Abstract
The aim of this study was to evaluate the significance of the Ki67 labeling index and p53 status as prognostic and predictive indicators of operable estrogen receptor (ER)-positive and human epidermal growth factor receptor 2 (HER2)-negative breast cancer. Among 697 consecutive patients with primary breast cancer who underwent curative surgery between 2002 and 2013, 308 patients with ER-positive and HER2-negative breast cancer were assessed. The results of the multivariate Cox analysis demonstrated that a high Ki67 labeling index was significantly associated with a short recurrence-free interval (RFI) (p=0.004) and was marginally associated with a worse overall survival (p=0.074). A positive p53 status was not associated with worse outcomes. To validate the cut-off values of the Ki67 labeling index for identifying patients who may benefit from additional chemotherapy, prognostic factors were investigated in breast cancer patients treated postoperatively with endocrine therapy alone. Analysis of receiver operating characteristic curves demonstrated that a Ki67 labeling index cut-off of 20.0% was optimal for predicting recurrence among patients who did not receive adjuvant chemotherapy. The 5-year RFIs for patients with Ki67 <20 and ≥20% were 97.2 and 86.6%, respectively (p=0.0244). A high Ki67 labeling index (≥20%) was significantly associated with large tumors (p<0.01), lymph node metastasis (p=0.0236) and positive p53 status (p<0.001). The univariate analysis demonstrated that Ki67 labeling index ≥20%, lymph node metastasis and progesterone receptor negativity were significant worse prognostic factors for RFI (p=0.0333, 0.0116 and 0.0573, respectively). The Ki67 labeling index was found to be a useful prognostic factor in patients with ER-positive and HER2-negative breast cancer and the cut-off values of the Ki67 labeling index for making a decision regarding adjuvant treatment were validated.

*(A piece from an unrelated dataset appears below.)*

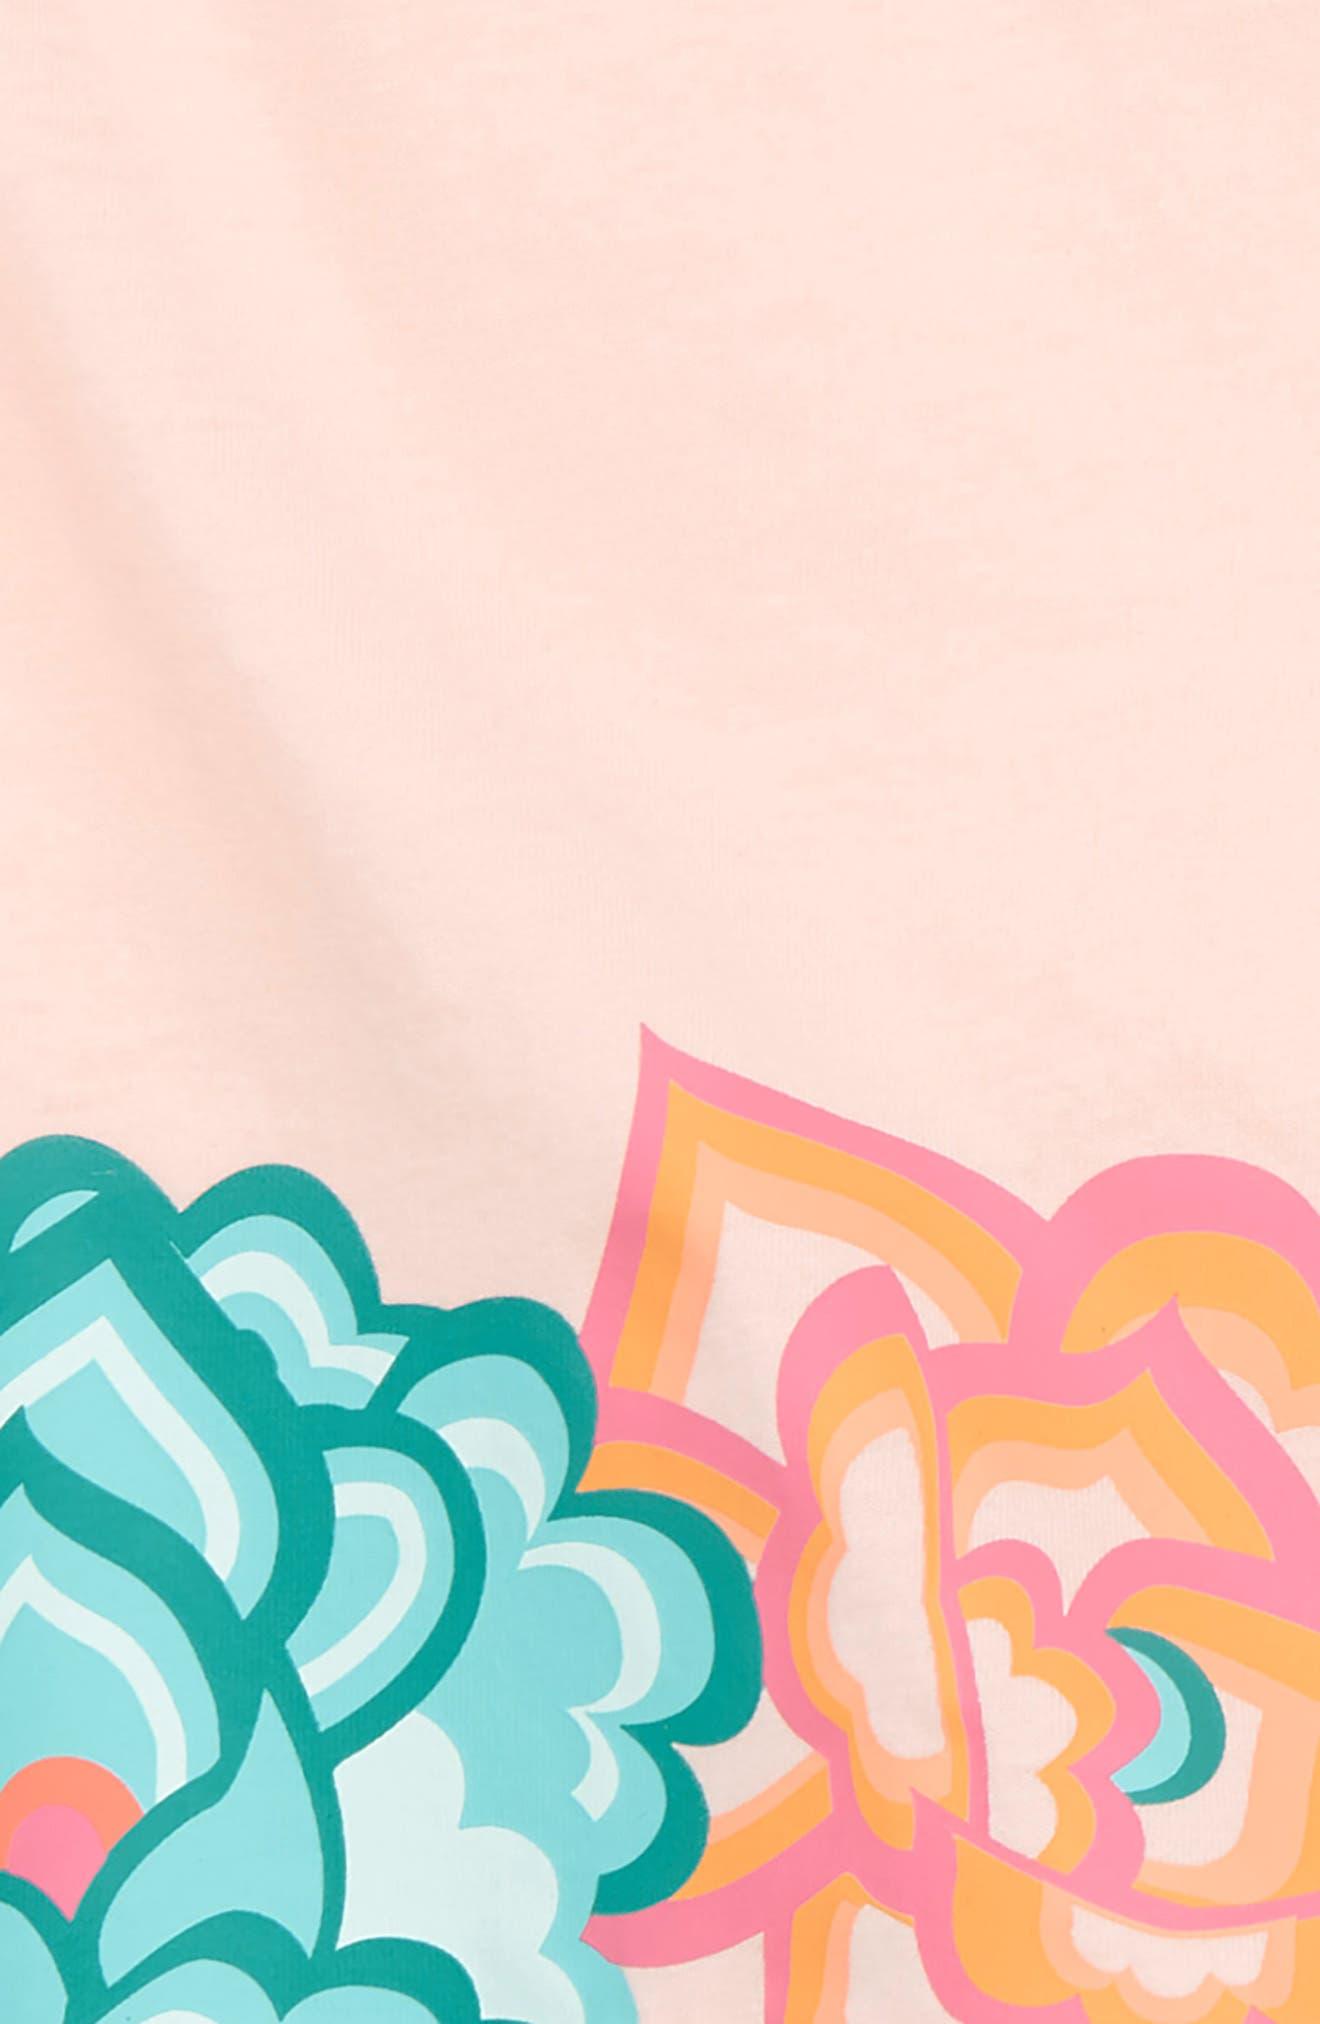 Floral Ruffle Top & Shorts Set,                             Alternate thumbnail 2, color,                             691

Keywords: breast cancer, Ki67, p53, prognostic factor, predictive factor
Introduction
For the majority of patients with early breast cancer, adjuvant systemic therapy is recommended following primary surgery to reduce the risk of breast cancer recurrence and to increase the likelihood of a cure. Approximately 70% of breast cancers express estrogen receptor (ER), and ER status is a powerful predictor of response to therapies that inhibit estrogen synthesis or block the action of its receptor (1). Endocrine therapies are established in the adjuvant setting (2–4). It is important to distinguish patients with ER-positive tumors at high risk for recurrence who require additional chemotherapy, from those for whom adjuvant endocrine therapy alone may suffice, as the economic burden and toxicities of chemotherapy must be minimized (5). Multi-gene assays are strong candidate tools for predicting the risk of recurrence in ER-positive patients (6). However, classification using multi-gene expression analyses is not appropriate for everyday practice. According to the St. Gallen Consensus Conference held in 2013, the intrinsic subtype affects the indication for adjuvant chemotherapy and surrogate definitions of subtype may be obtained by immunohistochemistry (IHC) of ER, progesterone receptor (PgR), Ki67 and human epidermal growth factor receptor 2 (HER2) (7).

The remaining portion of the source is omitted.